-
Notifications
You must be signed in to change notification settings - Fork 82
externaldata
ODK Collect has recently gained the ability to load an external data file in GeoJson format of existing data. It's now possible to select existing data and then import its values into the XForm as default values. This lets the mapper use the XForm to change the existing data, or add to it. Any changes will need to be conflated later, that'll be another document.
Why do I want to use ODK Collect to edit map data? Much of what is currently in OpenStreetMap is lacking metadata, or the data has changed, like when a restaurant changes owners and gets a new name. Also most all remote mapping using satellite imagery lacks tags beyond building=yes. When we are doing a ground data collection project, we want to add useful tags like the building material, or whether it's a cafe or a hospital.
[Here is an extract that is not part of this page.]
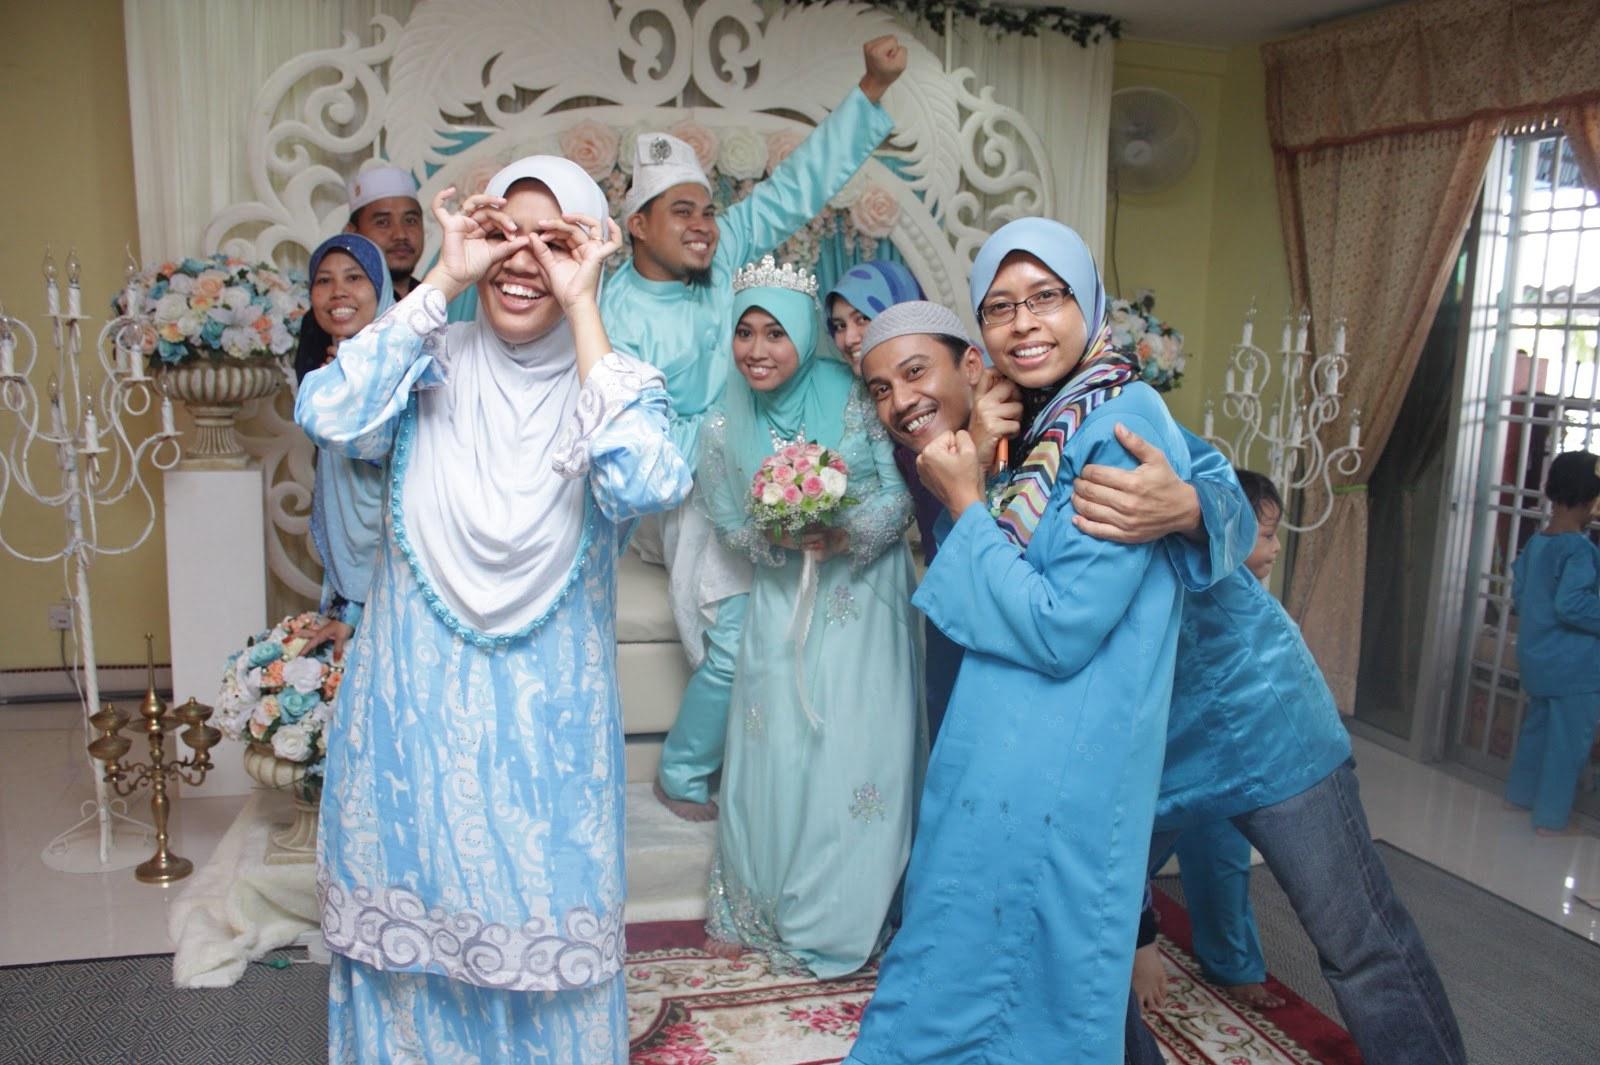 Design Jual Baju Pengantin Muslimah Murah D0dg Life with A View December 2012

Old imports also bring in problems, for example the infamous TIGER import. Mappers have been cleaning that mess in North America up for over a decade. But an old import may have a weird value for an OSM tag, and it's usually better to update to a more community approved data model. The beauty and the curse of OSM data is its wonderful flexibility. People do invent new tags for a specific mapping campaign or import that doesn't get reviewed. Sometimes values have embedded quote marks or weird capitalization, and other strange formatting worth correcting.
When working with OSM data, there are multiple sources to obtain the required data. One option is to download a daily database dump from GeoFabrik, which can be used as a flat file or imported into a database. The Humanitarian OpenStreetMap Team(HOT) maintains two projects that can also be used for data extracts. The primary one has a web based user interface, and is called the HOT Export Tool. The other option runs in a terminal and is part of OSM Fieldwork project, and is also used as part of the Field Mapping Tasking Manager backend. That program is available here. Alternatively, Overpass Turbo can also be used to query the data but you have to understand the Overpass query syntax.
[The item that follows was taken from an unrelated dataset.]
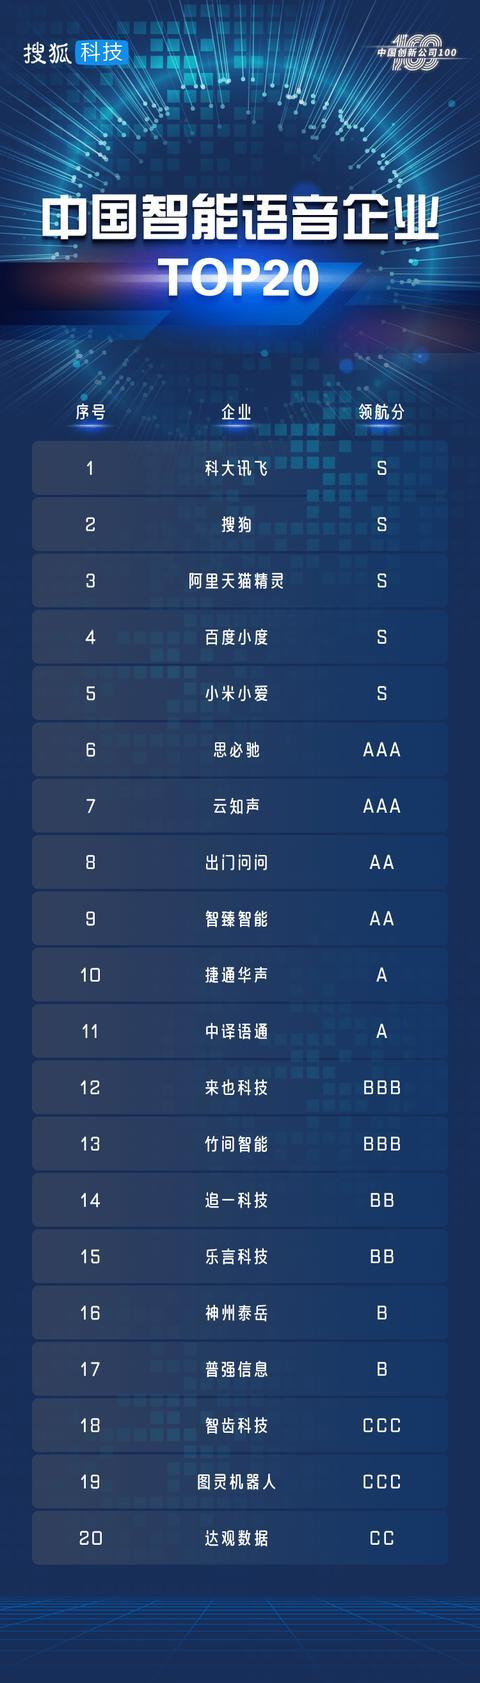 ai智能语音平台(ai语音助手排名)

It's important to keep in mind that there is a translation between the column names obtained from querying the data and how ODK Collect views it. There is also a translation from ODK to OSM, and it's important to ensure that all translations work together seamlessly for a smooth data flow. To maintain clarity, it's best to keep all tags and values as similar as possible, with unique names. When using ogr2ogr for data extraction from a Postgres database, there is more control than when using Overpass, and larger datasets can be processed. You can clean up all the tag names later if you add a custom config file for the conversion.
As the GeoJson file gets turned into an XPATH components when converted to an XForm, the actual filename without the suffix becomes a node in the XPATH, so you can't have a survey question using the same name as the filename. It is prefered to have the name using the actual OSM tag instead of the file. If you get this error, you need to rename the GeoJson file.
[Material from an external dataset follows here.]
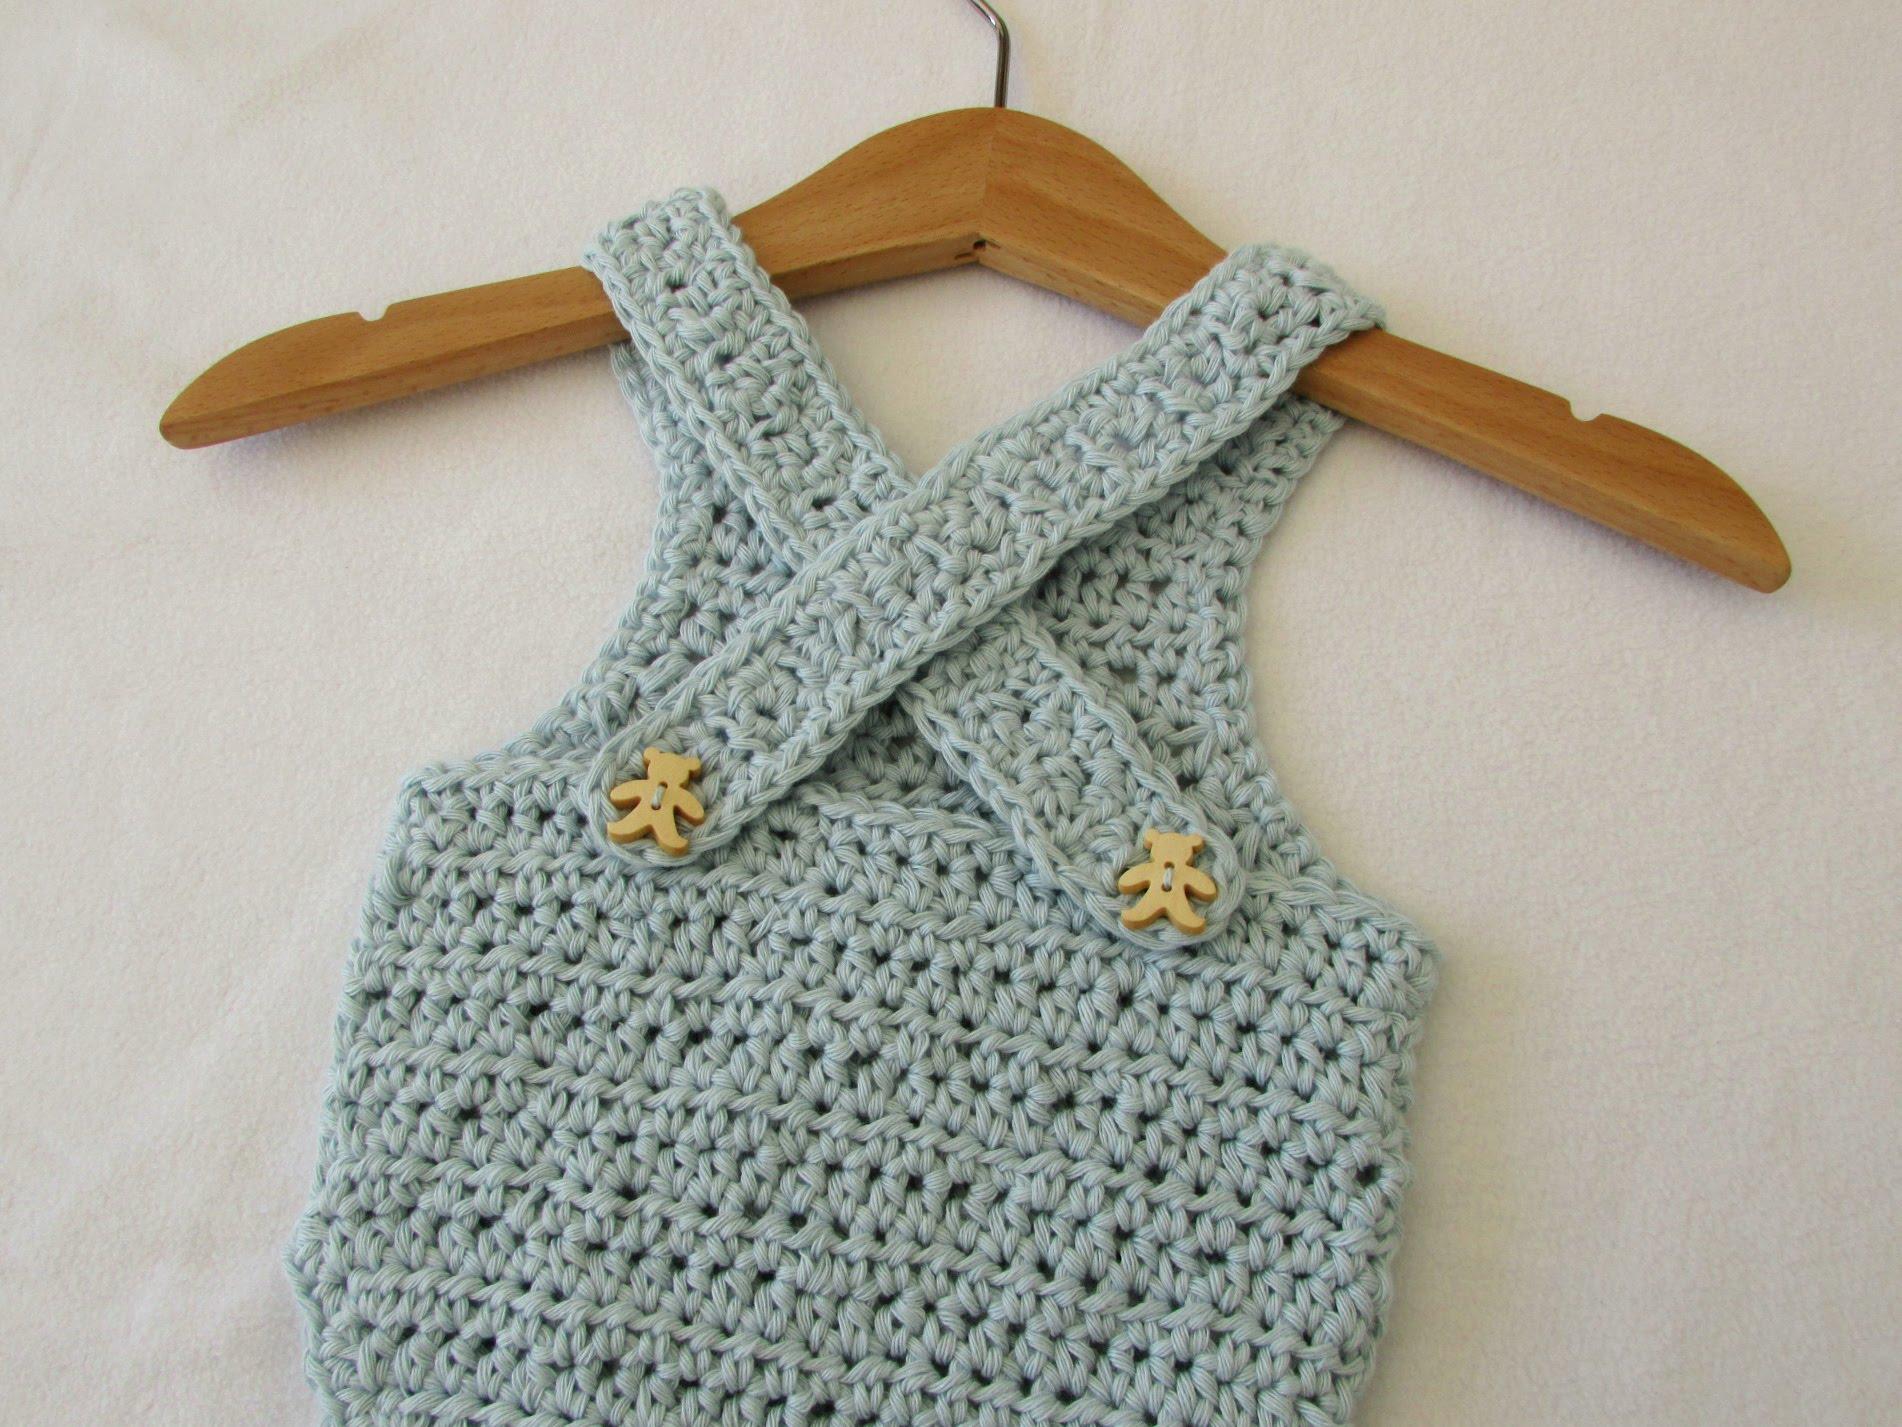 3 Cute Crochet Childrens Dress Patterns Crochet Ba Dresses Free Patterns Pinterest Dacc

Duplicate type: 'choice', Duplicate URI: 'None', Duplicate context: 'survey'.
If you do want to use an OSM tag name in a calculate field, a technique for maintaining consistency is to prefix an x to the start of each column name, so healthcare becomes xhealthcare. Then, in the XLSForm, healthcare can be used for the instance, and xhealthcare can be used for the value in the calculation column in the survey sheet. The name column in the survey sheet can then be just healthcare, which will translate directly into its OSM tag equivalent. For this example note that the GeoJson file must not be named healthcare.geojson, because it'll conflict with _healthcare. You can also avoid this by having the calculation in the same row as the survey question and avoiding the variable. If you do that, add a trigger for the geojson file, and it'll populate the default value for the question.
It's possible to support almost any value using a text type in the XLSForm, but it's better to have an approved value for tag validation and completeness. If using a data model, the list of choices for a tag is defined, and anything outside of that will cause an error. Therefore, it's important to adhere to validated data models to avoid introducing errors or inconsistencies into the dataset. If the SQL query returns columns that aren't compatible with the XLSForm, XPATH errors will occur in ODK Collect.
Something else to consider is the frequency of the tags and values. Since almost anything can be added to OSM, there are a lot of obscure ones. It's strongly suggested to use more common tags and values. A resource for this is the Taginfo website, which lists everything every used in OSM. There are two columns of interest, one is whether the tag is on the OSM wiki, and the other is how many times that tag is used. I try to use tags that are on the wiki whenever possible, or at least have high frequency counts.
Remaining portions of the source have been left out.